Il suo nome è Giovanna Massei, ecologa di altissimo livello con sede a York, in Inghilterra. Si è laureata all’Università di Firenze e ha conseguito il dottorato all’Università di Aberdeen, in Scozia.

Ha oltre 25 anni di esperienza negli approcci incruenti e non letali di mitigazione dei conflitti uomo-fauna selvatica. Lavora sulla gestione della fauna selvatica e sul controllo della fertilità, sul comportamento degli animali e sui cani randagi o inselvatichiti. Autrice di più di 120 articoli scientifici, è editore associato della rivista Human-Wildlife Interactions oltre che consulente scientifico per l’EAZA Group sulla contraccezione degli animali negli zoo.

È membro dell’Animal and Plant Health Agency (APHA)[1], un’agenzia esecutiva del Dipartimento inglese per l’Ambiente, l’Alimentazione e gli Affari Rurali, che lavora anche per conto del governo scozzese e di quello gallese.
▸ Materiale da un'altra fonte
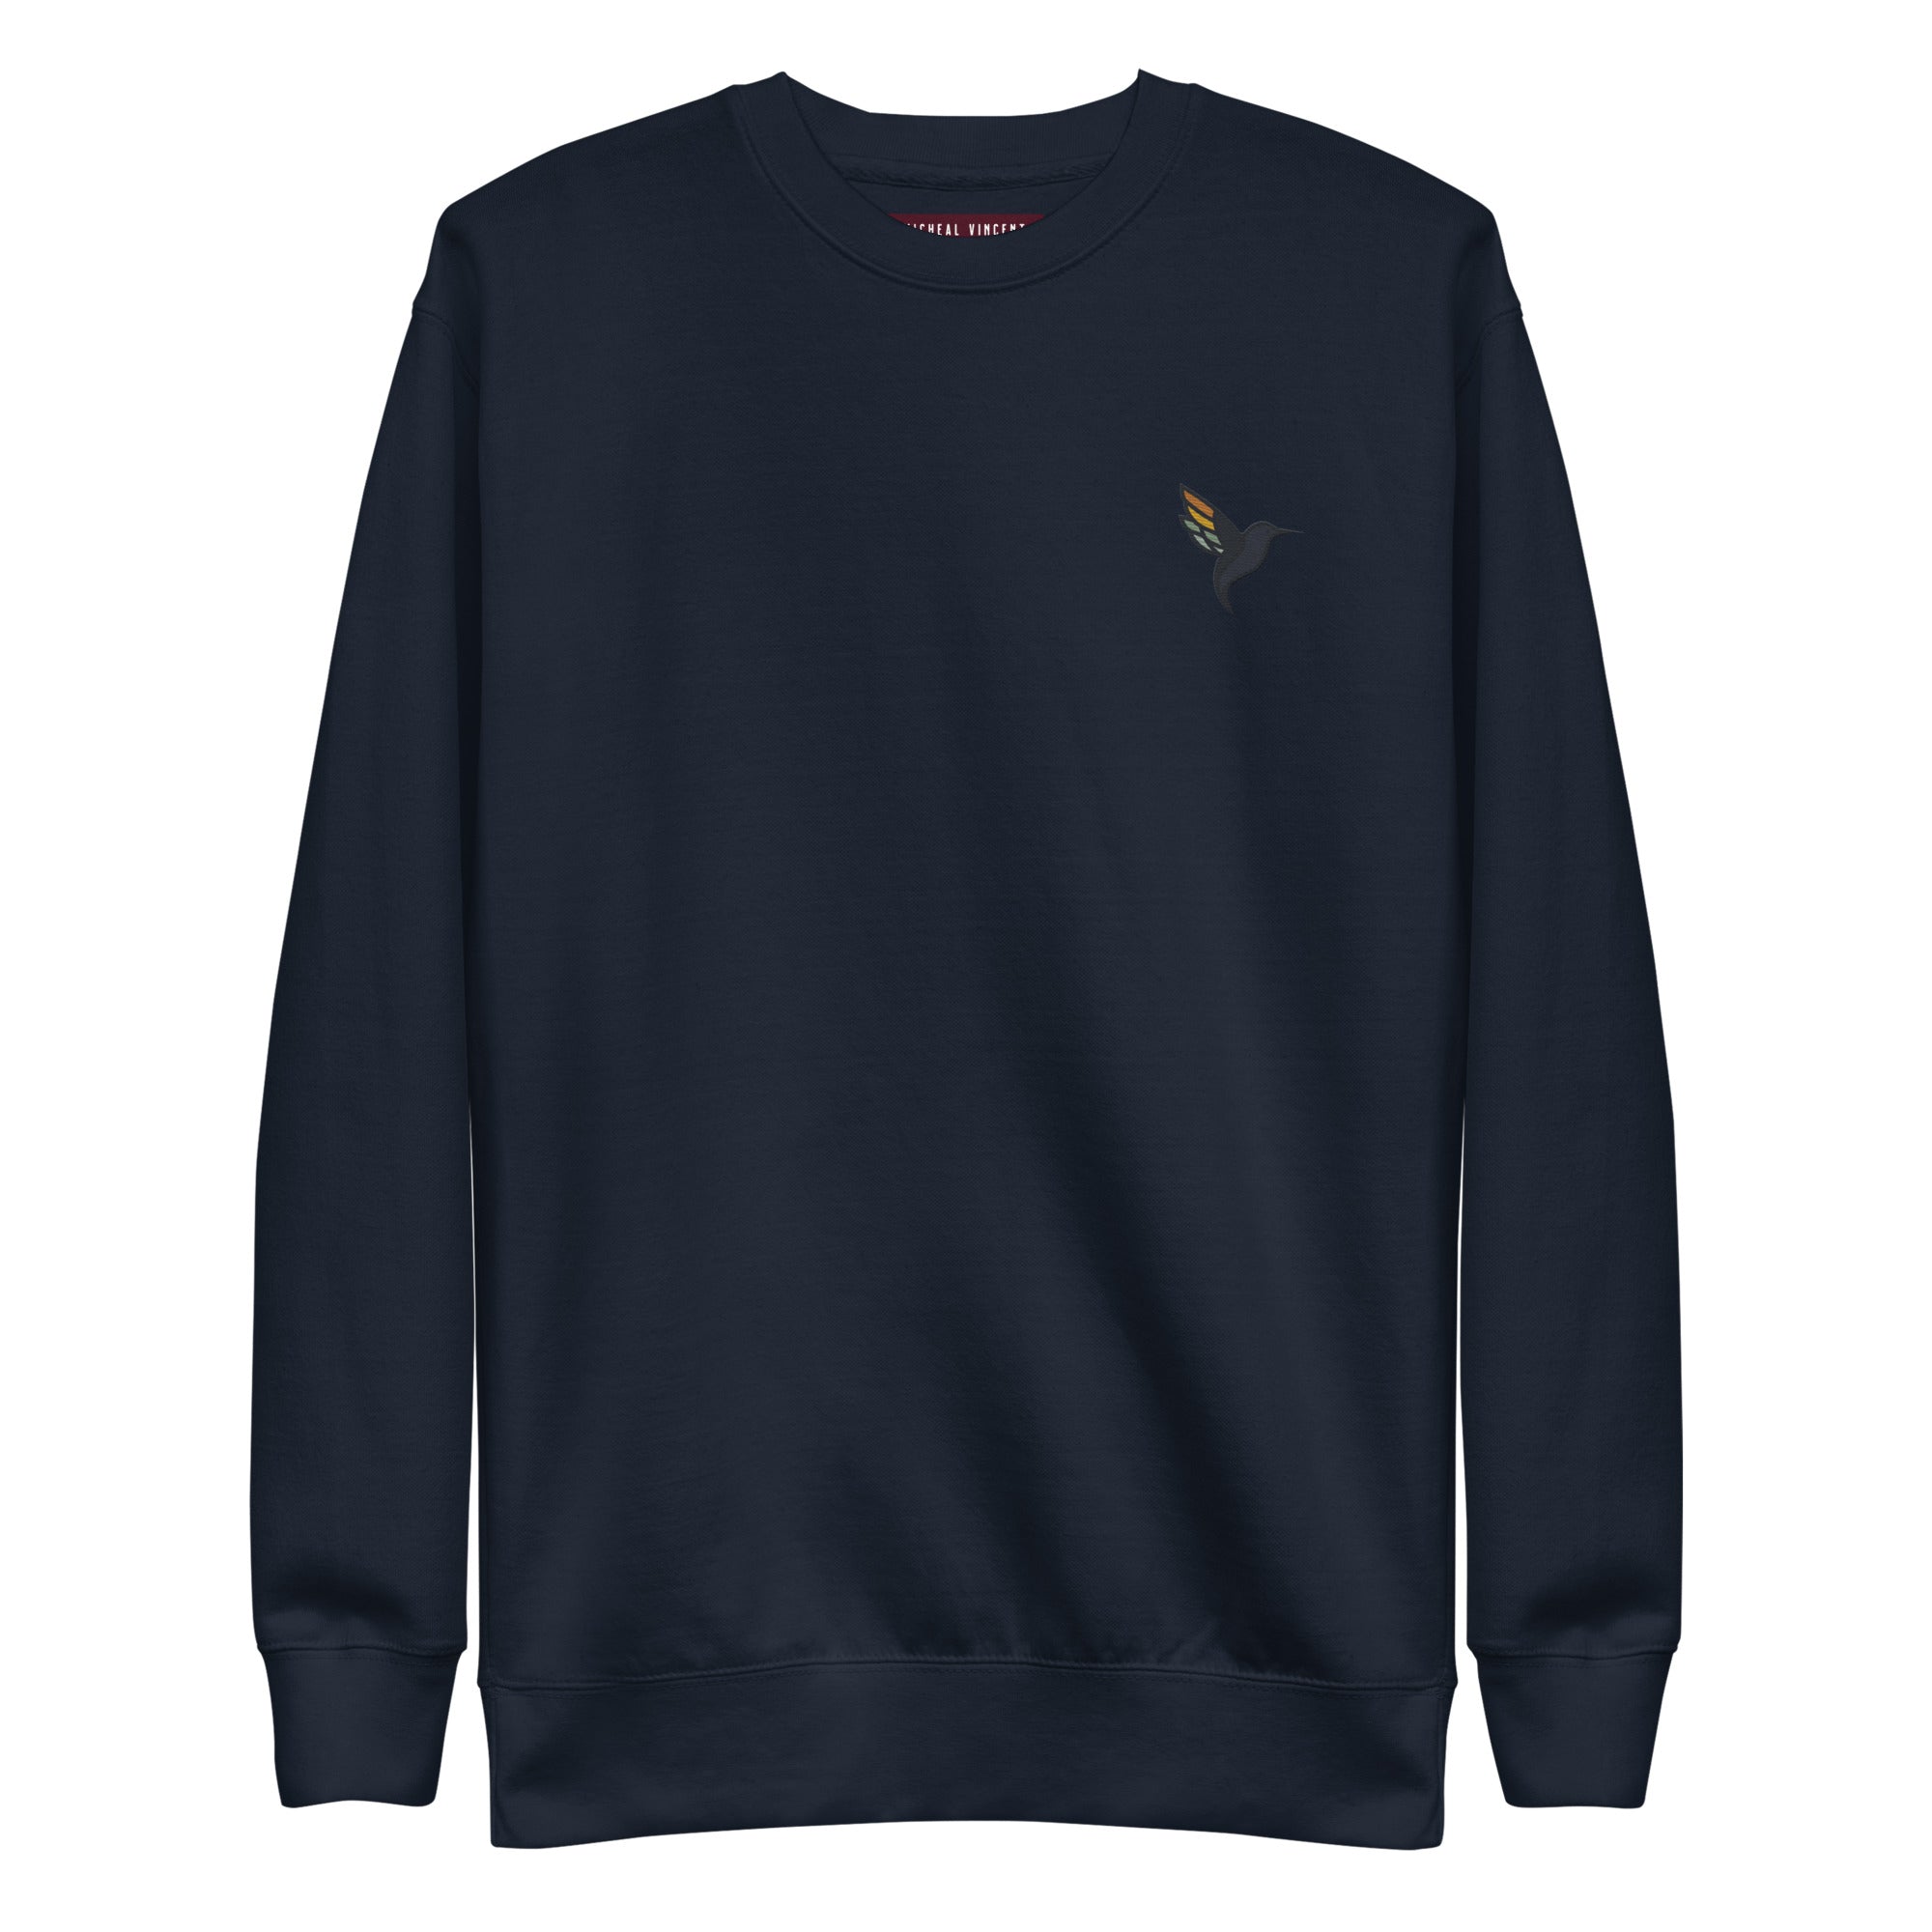 unisex-premium-sweatshirt-navy-blazer-front-652f12197dc56.jpg

Ha collaborato sia con agenzie governative che con organizzazioni non governative, e con partner accademici nel Regno Unito e nei paesi che includono Montserrat (isola delle Piccole Antille nel mar dei Caraibi) India, Italia, Spagna, Hong Kong (Cina), Marocco, Nepal e Stati Uniti. Nel 2010 Giovanna ha organizzato a York l’8° Simposio Internazionale su cinghiali e altri suidi e, nel 2012, sempre a York, ha guidato la 1 ° Conferenza Internazionale sulla gestione della popolazione canina.[2]

Daini (Dama dama)

Daini (Dama dama)

La Dottoressa Giovanna Massei è disponibile a lavorare sui Colli Euganei per garantire agli agricoltori il rispetto del loro lavoro e per restituire agli animali e al Parco la dignità.

Immaginate di poter incidere sulla natalità degli animali selvatici che pongono dei problemi, invece che sulla loro mortalità. Dopotutto milioni di persone al mondo ricorrono al controllo della fertilità, quindi perché non impiegarlo anche per gli animali selvatici per risolvere i conflitti uomo-fauna selvatica?[3]
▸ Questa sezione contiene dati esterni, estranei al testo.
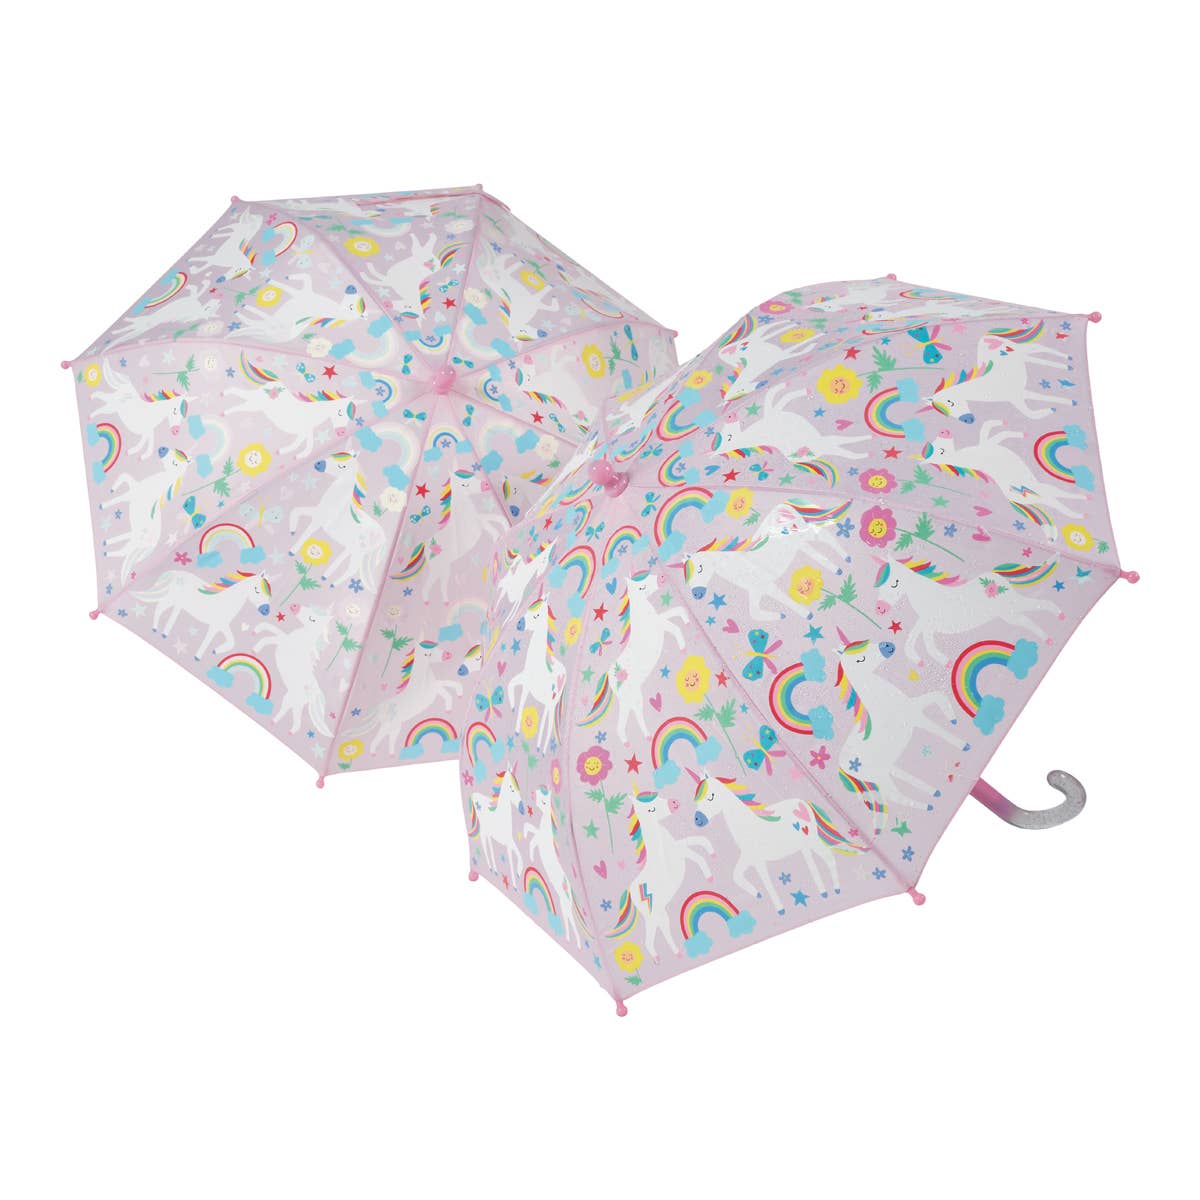 Floss & Rock color changing umbrella

Dimenticate ogni discorso insensato sulla sterilizzazione chirurgica di cinghiali e daini in natura, che presenta problemi di carattere pratico e di benessere animale[4]. Nel 2016 non c’è alcun bisogno di intervenire chirurgicamente sugli animali! Nessun bisogno di anestesia profonda, nessun bisogno di trasporto dell’animale in una sede adatta all’operazione chirurgica, niente ferite operatorie e niente gestione del periodo post-operatorio, nessuna alterazione del comportamento dell’animale.
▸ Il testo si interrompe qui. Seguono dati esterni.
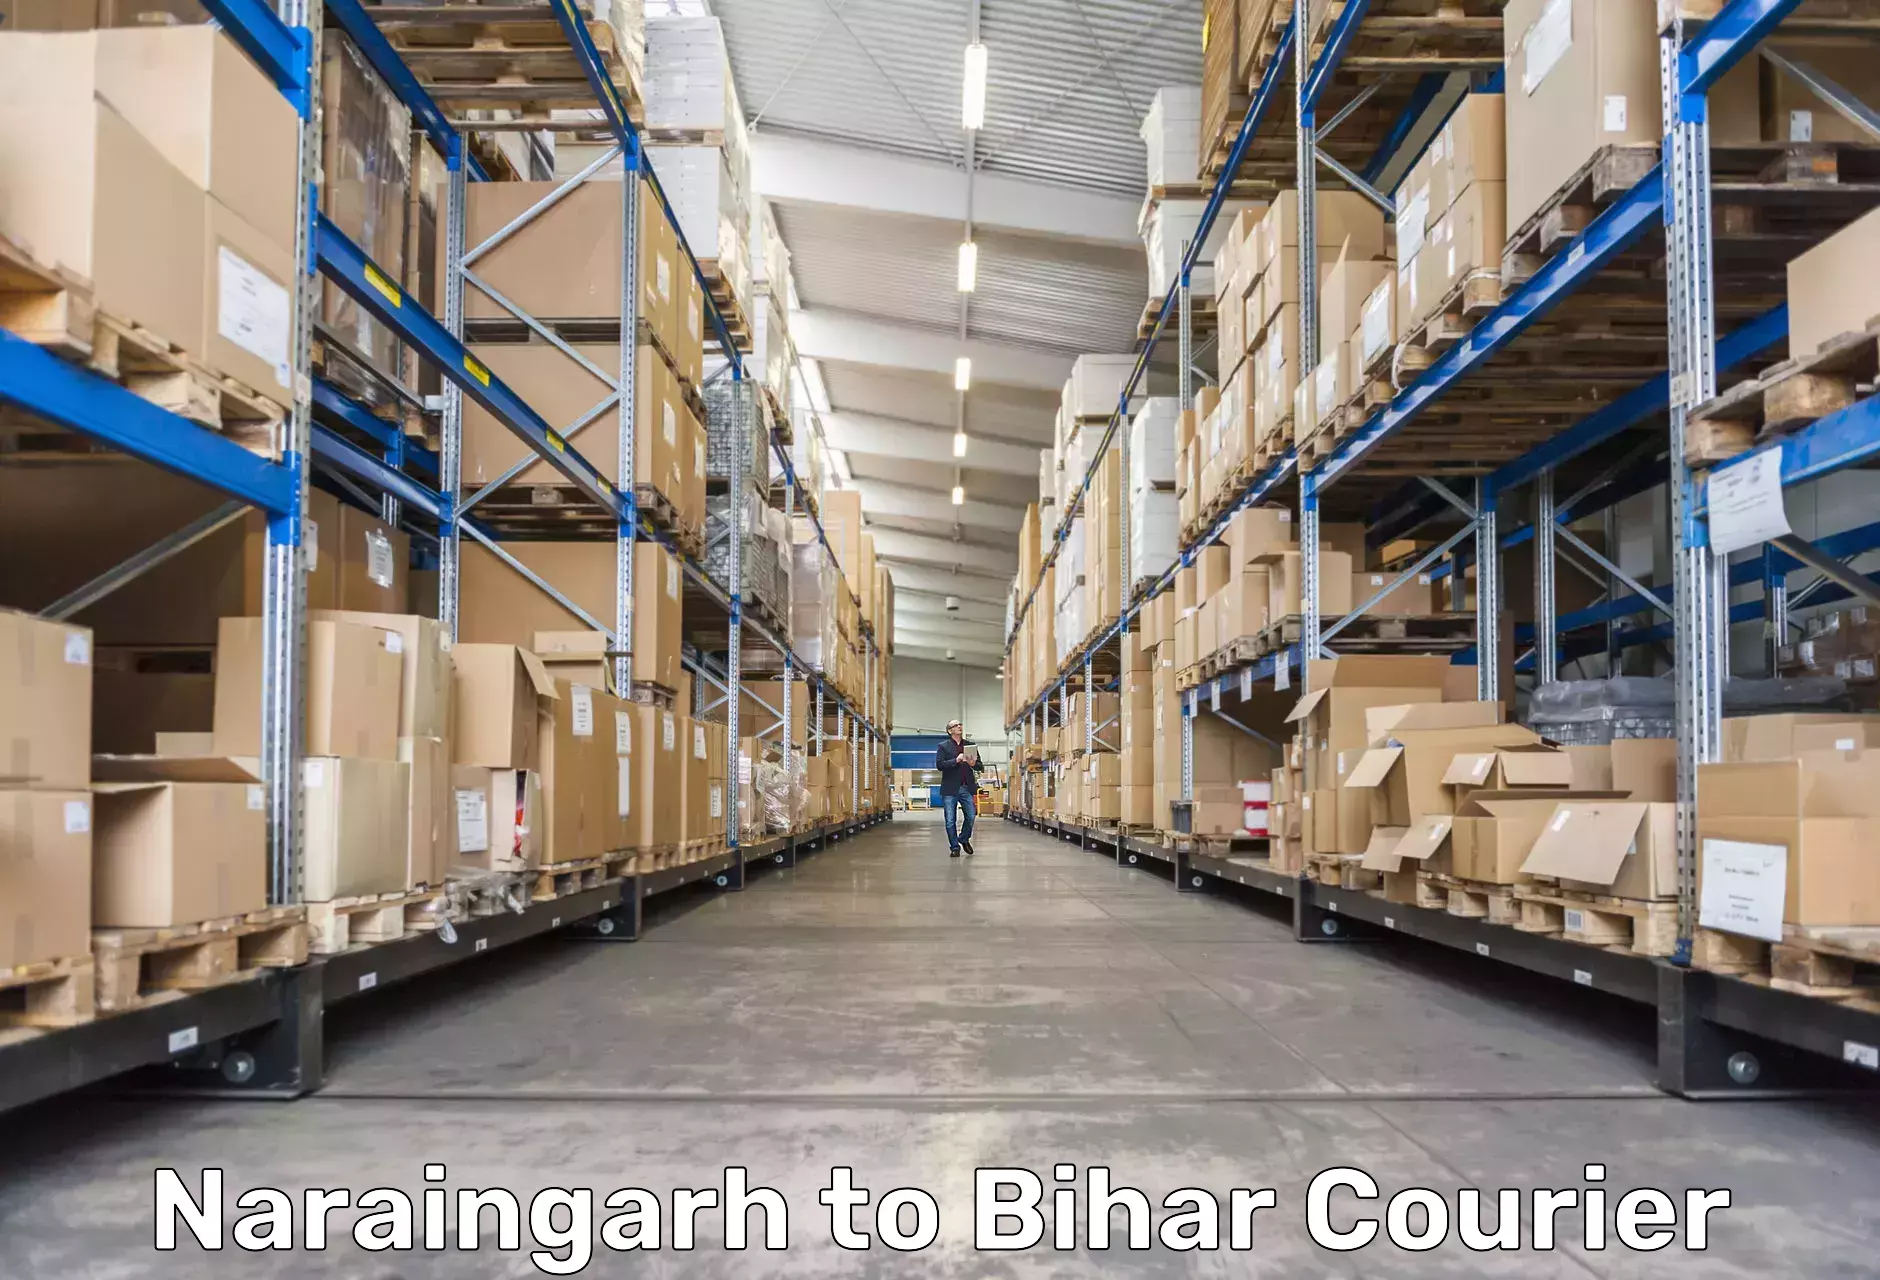 Nationwide shipping capabilities in Naraingarh to Dehri

Parco naturale regionale dei Colli Euganei (da www.parks.it)

Parco naturale regionale dei Colli Euganei (da http://www.parks.it)

Chi continua a sostenere che il controllo della fertilità odierno sia rappresentato dalla sterilizzazione chirurgica è ignorante o in malafede.

Al contrario, l’approccio moderno è quello di sfruttare la risposta immunitaria dell’organismo per bloccare, con diverse modalità, la fertilità. Oggi infatti si usano i vaccini immuno-contraccettivi! In seguito alla somministrazione di un vaccino il sistema immunitario è stimolato a produrre anticorpi contro le proteine dei gameti, gli ormoni riproduttivi o altre proteine coinvolte nel processo riproduttivo. I vaccini immuno-contraccettivi sono oggi resi ancora più efficaci dalla presenza di adiuvanti. Negli ultimi vent’anni i vaccini contraccettivi sono stati sempre più perfezionati e oggi una monodose causa infertilità nell’animale per almeno 3-5 anni dopo la somministrazione[5].

Cinghiali (Sus scrofa)

Cinghiali (Sus scrofa)

Per quanto riguarda i Colli Euganei, i vaccini che ci interessano possono essere di due tipi: il vaccino PZP (porcine zona pellucida) e il vaccino GnRH (gonadotropin – releasing hormone o ormone per il rilascio delle gonadotropine).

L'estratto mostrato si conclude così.